Documented in psborrow.t2e

#' Simulation study of hybrid control design with Bayesian dynamic borrowing
#' incorporating propensity score matched external control: time-to-event outcome
#'
#' Simulation study is conducted to assess operating characteristics of hybrid
#' control design with Bayesian dynamic borrowing, where the concurrent control
#' is augmented by external control. The external controls are selected from
#' external control pool using a propensity score matching. Commensurate power
#' prior is used for Bayesian dynamic borrowing. The time-to-event outcome is
#' applicable.
#' @usage
#' psborrow.t2e(
#'   n.CT, n.CC, nevent.C, n.ECp, nevent.ECp, n.EC, accrual,
#'   out.mevent.CT, out.mevent.CC, driftHR,
#'   cov.C, cov.cor.C, cov.EC, cov.cor.EC, cov.effect,
#'   psmatch.cov,
#'   method.psest="glm", method.pslink="logit",
#'   method.whomatch, method.matching, method.psorder, n.boot=100,
#'   analysis.cov, method.borrow,
#'   chains=2, iter=4000, warmup=floor(iter/2), thin=1,
#'   alternative="greater", sig.level=0.025, nsim)
#' @param n.CT Number of patients in treatment group in the current trial.
#' @param n.CC Number of patients in concurrent control group in the current
#' trial.
#' @param nevent.C Number of events in treatment and concurrent control group
#' in the current trial.
#' @param n.ECp Number of patients in external control pool.
#' @param nevent.ECp Number of events in external control pool.
#' @param n.EC Number of patients in external control.

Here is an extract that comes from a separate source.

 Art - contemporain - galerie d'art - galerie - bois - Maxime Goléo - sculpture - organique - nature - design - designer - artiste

#' @param accrual Accrual rate, defined as the number of enrolled patients per
#' month.
#' @param out.mevent.CT True median time to event in treatment group in the
#' current trial.
#' @param out.mevent.CC True median time to event in concurrent control group
#' in the current trial.
#' @param driftHR Hazard ratio between concurrent and external control for
#' which the bias should be plotted (hazard in external control divided by
#' hazard in concurrent control).
#' @param cov.C List of covariate distributions for treatment and concurrent
#' control group in the current trial. Continuous and binary covariate are
#' applicable. The continuous covariate is assumed to follow a normal
#' distribution; for example, specified as
#' \code{list(dist="norm", mean=0, sd=1, lab="cov1")}. The binary covariate is
#' assumed to follow a binomial distribution; for example, specified as
#' \code{list(dist="binom", prob=0.4, lab="cov2")}. \code{lab} is the column
#' name of the covariate in the data frame generated.

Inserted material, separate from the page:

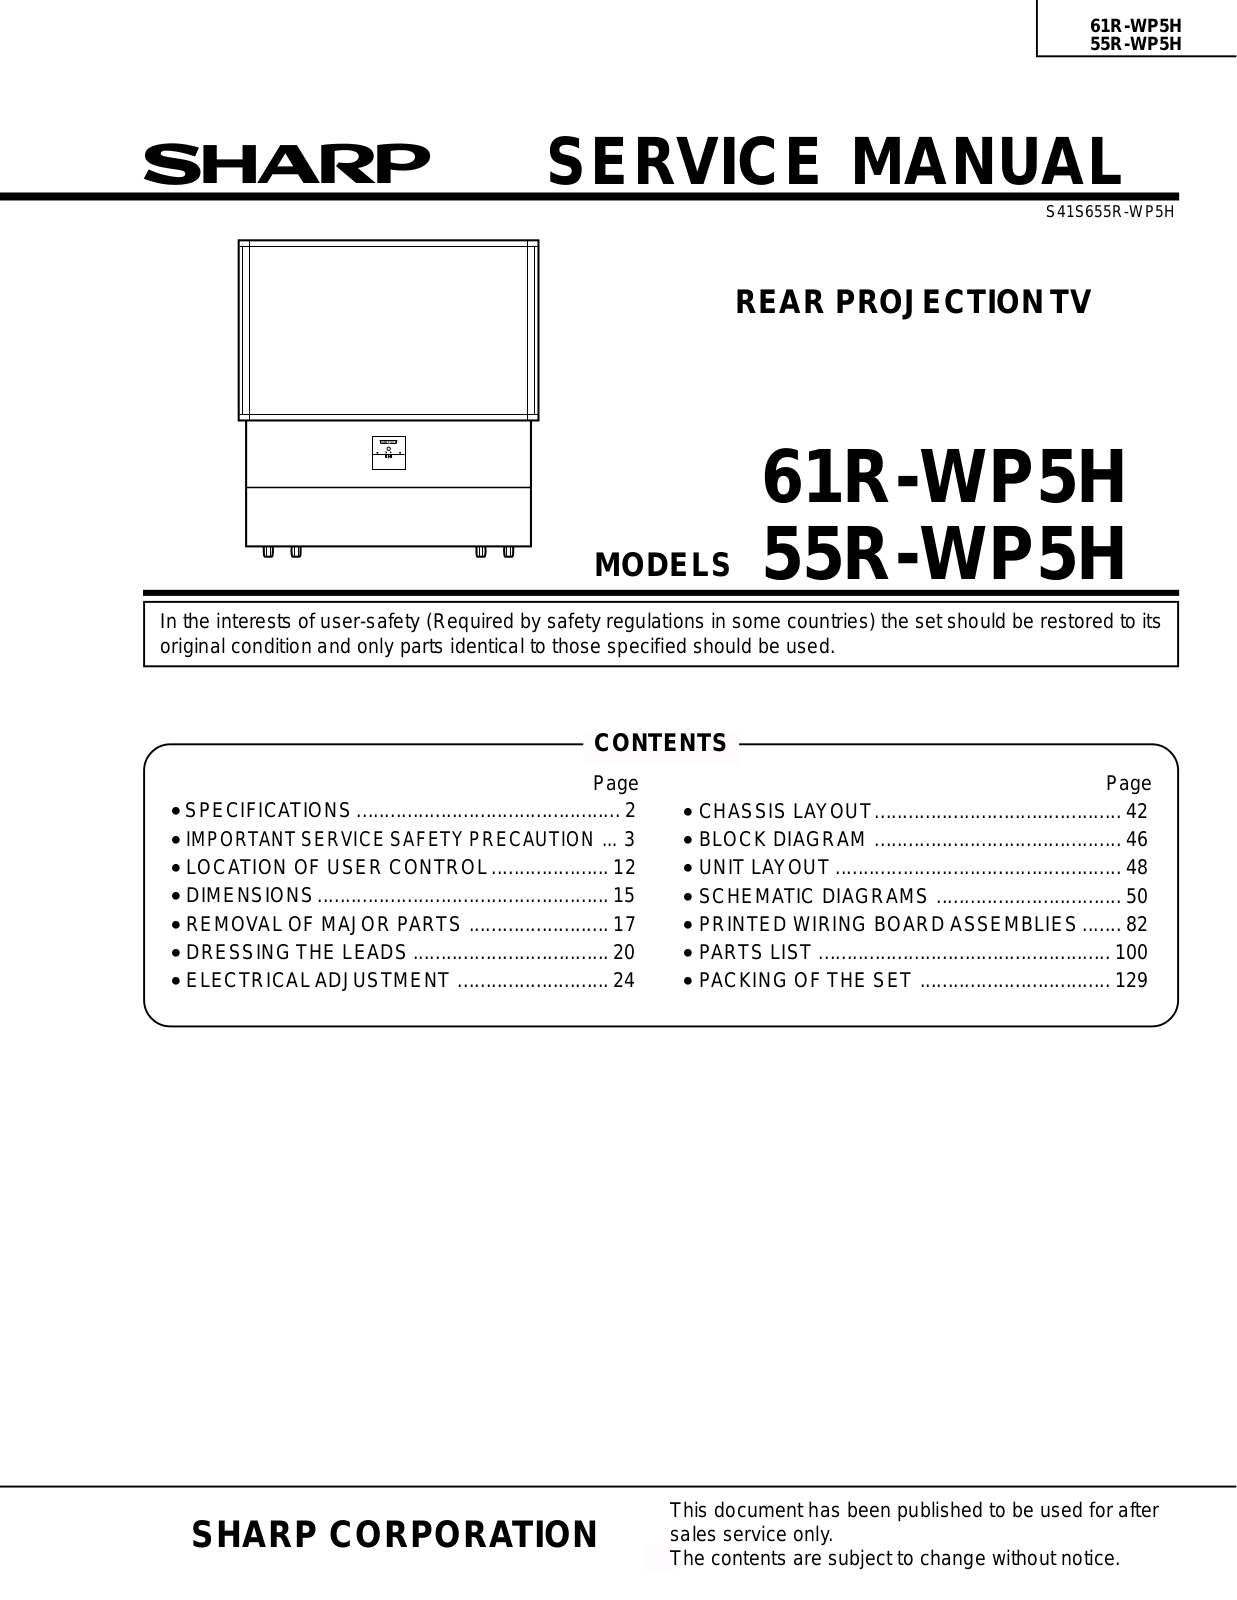 SHARP 61R-WP5H, 55R-WP5H Service Manual

#' @param cov.cor.C Matrix of correlation coefficients for each pair of
#' covariate for treatment and concurrent control group in the current trial,
#' specified as Gaussian copula parameter.
#' @param cov.EC List of covariate distributions for external control. The
#' continuous covariate is assumed to follow a normal distribution; for example,
#' specified as \code{list(dist="norm", mean=0, sd=1, lab="cov1")}. The binary
#' covariate is assumed to follow a binomial distribution; for example,
#' specified as \code{list(dist="binom", prob=0.4, lab="cov2")}. \code{lab} is
#' the column name of the covariate in the data frame generated, which must be
#' consistent with those used for \code{cov.C}.

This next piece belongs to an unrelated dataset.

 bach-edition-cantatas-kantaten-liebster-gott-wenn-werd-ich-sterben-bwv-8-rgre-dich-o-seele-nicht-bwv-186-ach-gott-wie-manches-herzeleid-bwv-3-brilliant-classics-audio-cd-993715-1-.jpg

#' @param cov.cor.EC Matrix of correlation coefficients for each pair of
#' covariate for external control, specified as Gaussian copula parameter.
#' @param cov.effect Vector of covariate effects on the outcome, specified as
#' hazard ratio per one unit increase in continuous covariate or as hazard
#' ratio between categories for binary covariate.
#' @param psmatch.cov Vector of names of covariates which are used for the
#' propensity score matching. The names of covariates must be included in
#' \code{lab} values specified in \code{cov.C}.
#' @param method.psest Method of estimating the propensity score. Allowable
#' options include, for example, \code{"glm"} for generalized linear model
#' (e.g., logistic regression); \code{"gam"} for generalized additive model;
#' \code{"gbm"} for generalized boosted model; \code{"lasso"} for lasso
#' regression; \code{"rpart"} for classification tree. The default value is
#' \code{method.psest="glm"}.
#' @param method.pslink Link function used in estimating the propensity score.
#' Allowable options depend on the specific \code{method.psest} value specified.
#' The default value is \code{method.pslink="logit"}, which, along with
#' \code{method.psest="glm"}, identifies the default method as logistic
#' regression.
#' @param method.whomatch Options of who to match. Allowable options include
#' \code{conc.contl} for matching concurrent control to external control pool;
#' \code{conc.treat} for matching treatment to external control pool;
#' \code{conc.all} for matching treatment plus concurrent control to external
#' control pool; \code{treat2contl} for matching treatment to concurrent control
#' plus external control pool.
#' @param method.matching Matching method. Allowable options include
#' \code{"optimal"} for optimal matching; \code{"nearest"} for nearest neighbor
#' matching without replacement; \code{"med.optimal"} for equally splitting
#' patients in the current trial and taking the median of each subset, followed
#' by 1:1 optimal matching; \code{"med.nearest"} for equally splitting
#' patients in the current trial and taking the median of each subset, followed
#' by 1:1 nearest neighbor matching without replacement; \code{"km.optimal"} for
#' k-means clustering of patients in the current trial, followed by 1:1 optimal
#' matching; \code{"km.nearest"} for k-means clustering of patients in the
#' current trial, followed by 1:1 nearest neighbor matching without replacement;
#' \code{"cm.optimal"} for fuzzy c-means clustering of patients in the current
#' trial, followed by 1:1 optimal matching; \code{"cm.nearest"} for fuzzy
#' c-means of patients in the current trial, followed by 1:1 nearest neighbor
#' matching without replacement; \code{"boot.optimal"} for bootstrap sampling
#' from patients in the current trial, followed by 1:1 optimal matching;
#' \code{"boot.nearest"} for bootstrap sampling from patient in the current
#' trial, followed by 1:1 nearest neighbor matching without replacement.
#' @param method.psorder Order that the matching takes place when a nearest
#' neighbor matching is used. Allowable options include \code{"largest"},
#' where matching takes place in descending order of propensity score;
#' \code{"smallest"}, where matching takes place in ascending order of
#' propensity score; \code{"random"}, where matching takes place in a random
#' order; \code{"data"}, where matching takes place based on the order of units
#' in the data. The matching order must be specified when using the nearest
#' neighbor matching.
#' @param n.boot Number of bootstrap sampling, which must be specified when
#' \code{method.matching="boot.optimal"} or
#' \code{method.matching="boot.nearest"}. The default value is \code{n.boot=100}.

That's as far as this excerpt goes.